If this is for real I expect we'll hear more about it soon enough.

Only one person reported the spam call in that thread, the Marcus-II commenter. Their comment shows up twice in the first page and once on the second page. No one else mentions the spam call.
The baseband processor is entirely separate, with some basic commands and responses communicated from the phone's CPU to the baseband, so even this explanation is suspect.
No one is burning a baseband 0day to write "we are in control" on a screen.
Apple Employees can certainly access your devices remotely, I have seen it happening with iPhone, I don’t know about Watch.

Nevertheless, this does seem like an anti-Apple campaign.

That's not true.

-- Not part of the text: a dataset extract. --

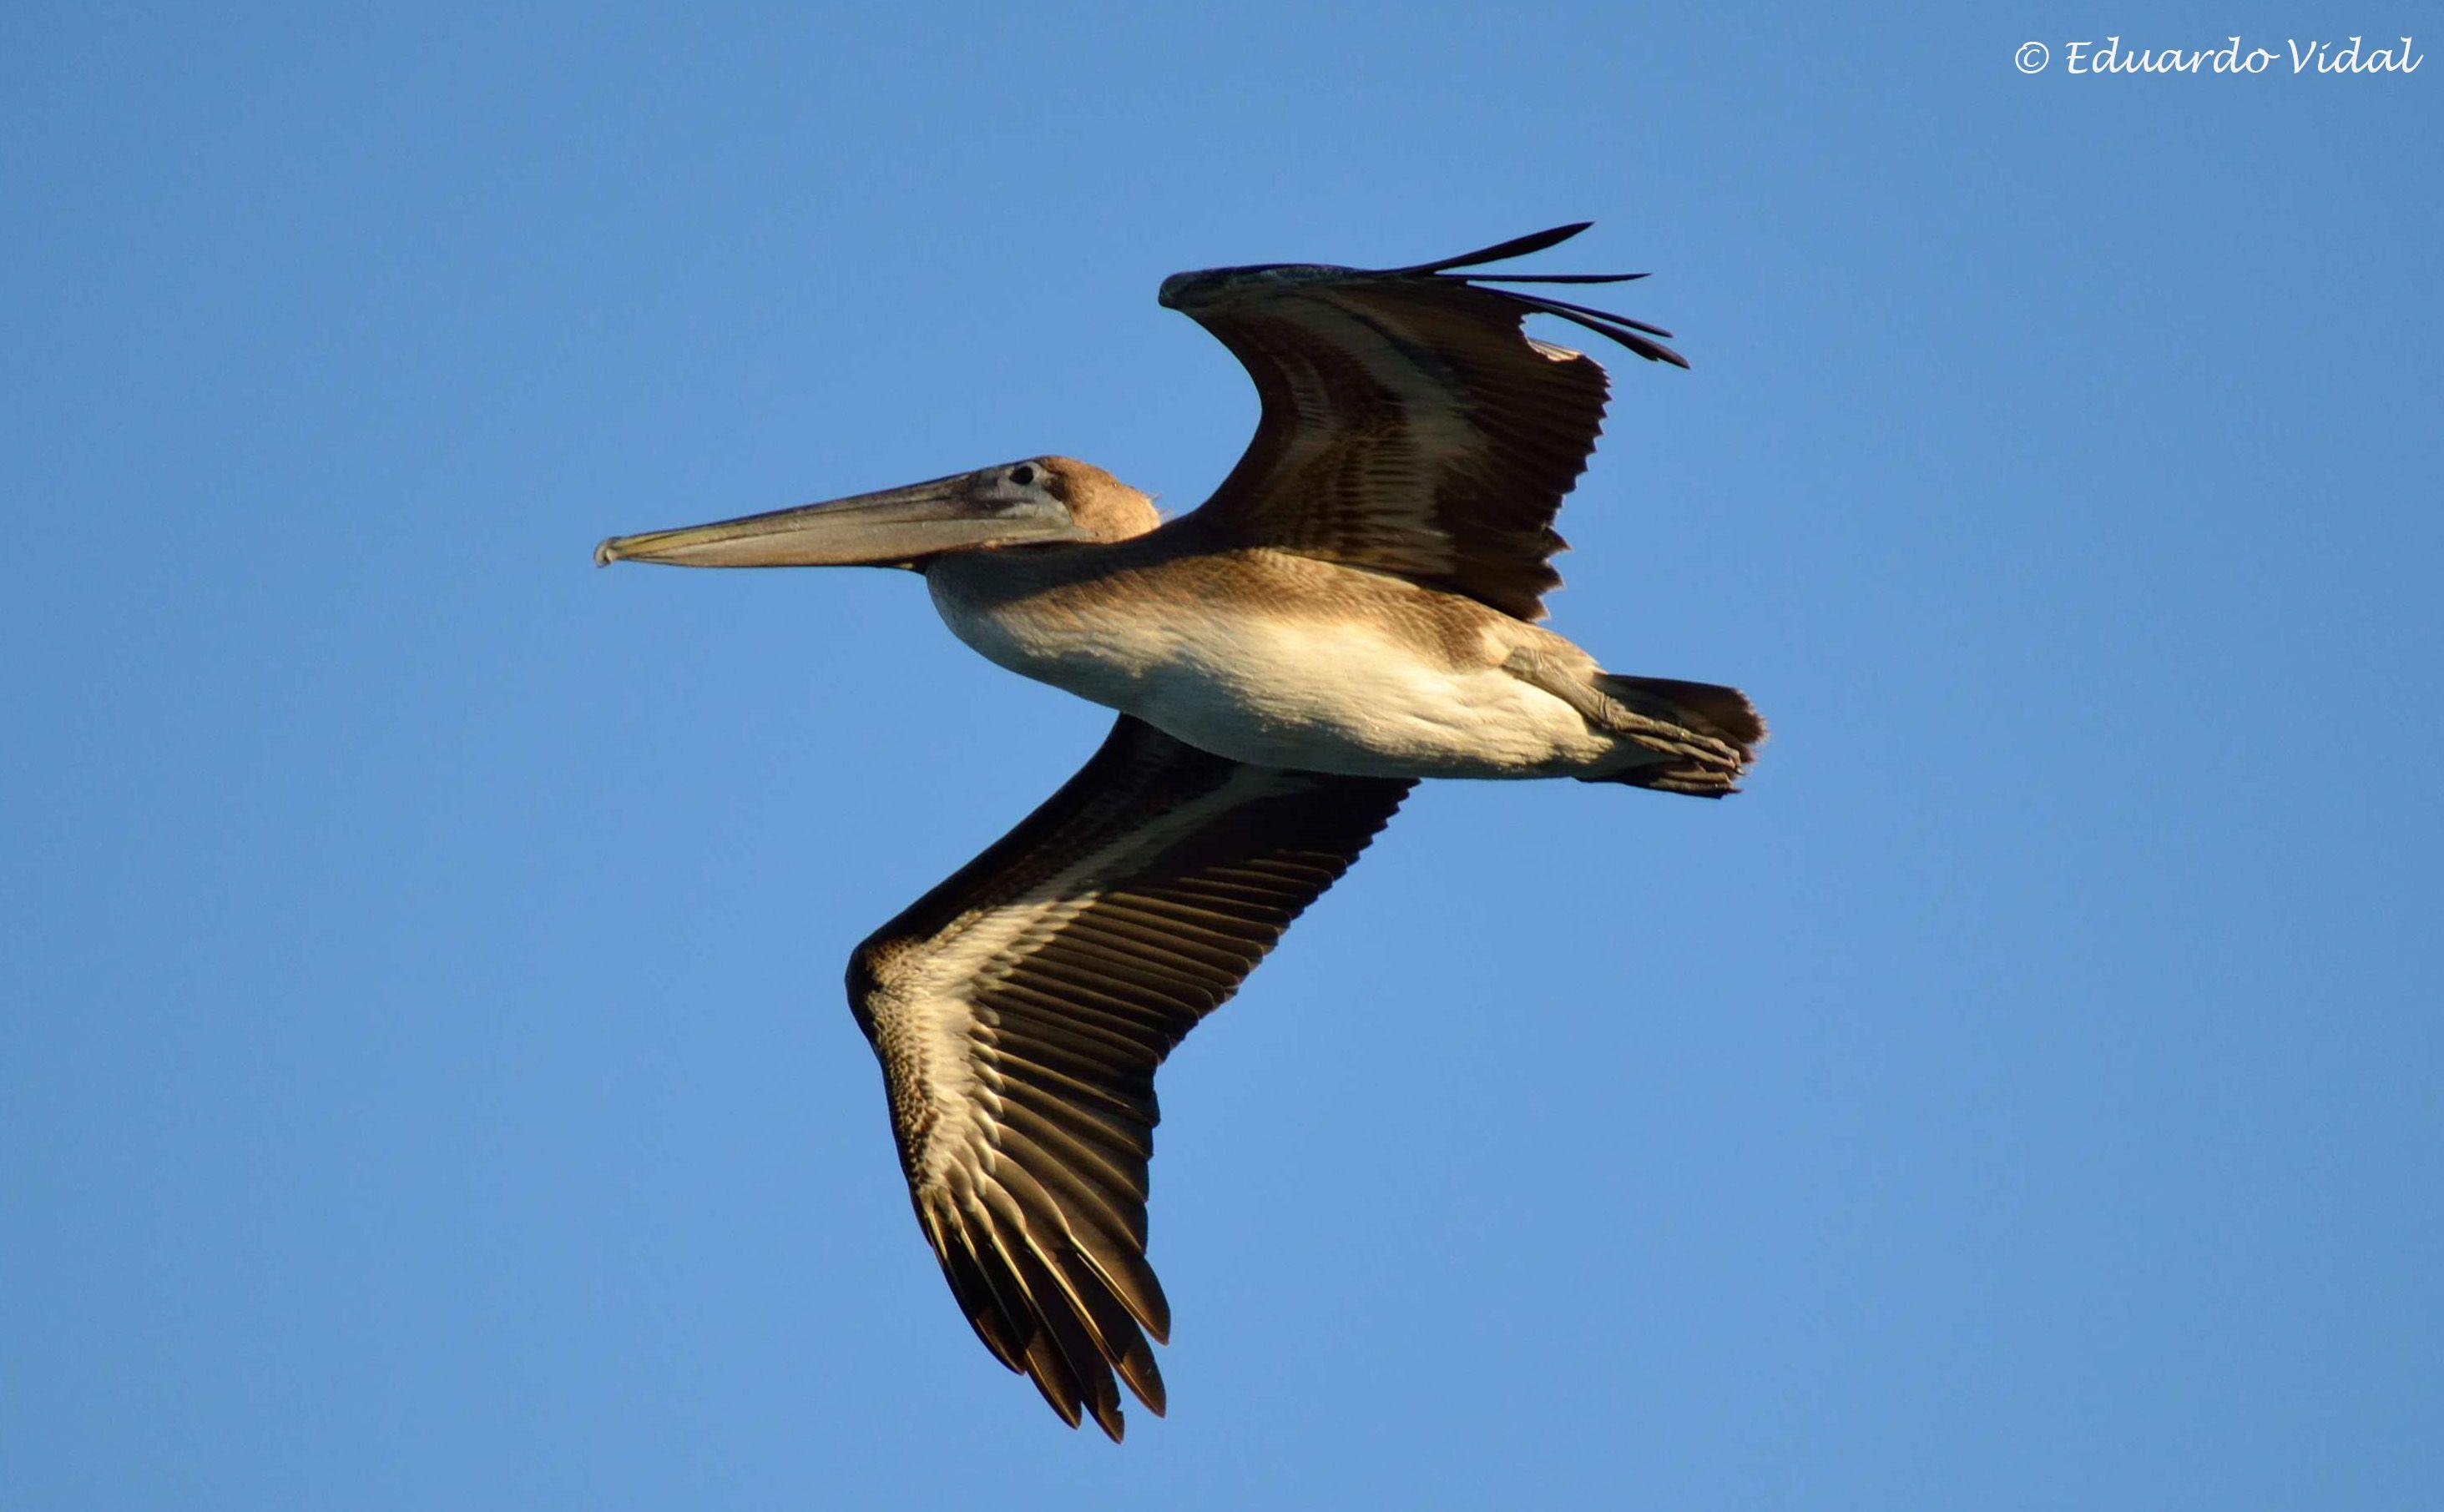 Pelicano volando 1 (Riviera Maya)

Apple employees can see a video feed of your screen after you accept their support request (similar to screen sharing over FaceTime), but they can't interact with your phone remotely.
Can you be more specific about when an Apple employee remotely accessed your iPhone.

It would almost certainly would be illegal.

I’ve had this happen when I called in a support request for some iOS issue I had. Their interface has all the devices on your Apple ID, and they can enable screen sharing on any of them after you accept it via a notification. I have to admit, it must be a lot better for the support experience as opposed to trying to verbally describe what’s going on.
This seems even more hard to believe and requires even more extraordinary evidence.
The thing that gets me is all the similar stories. I guess it could be astroturfing, but why that product?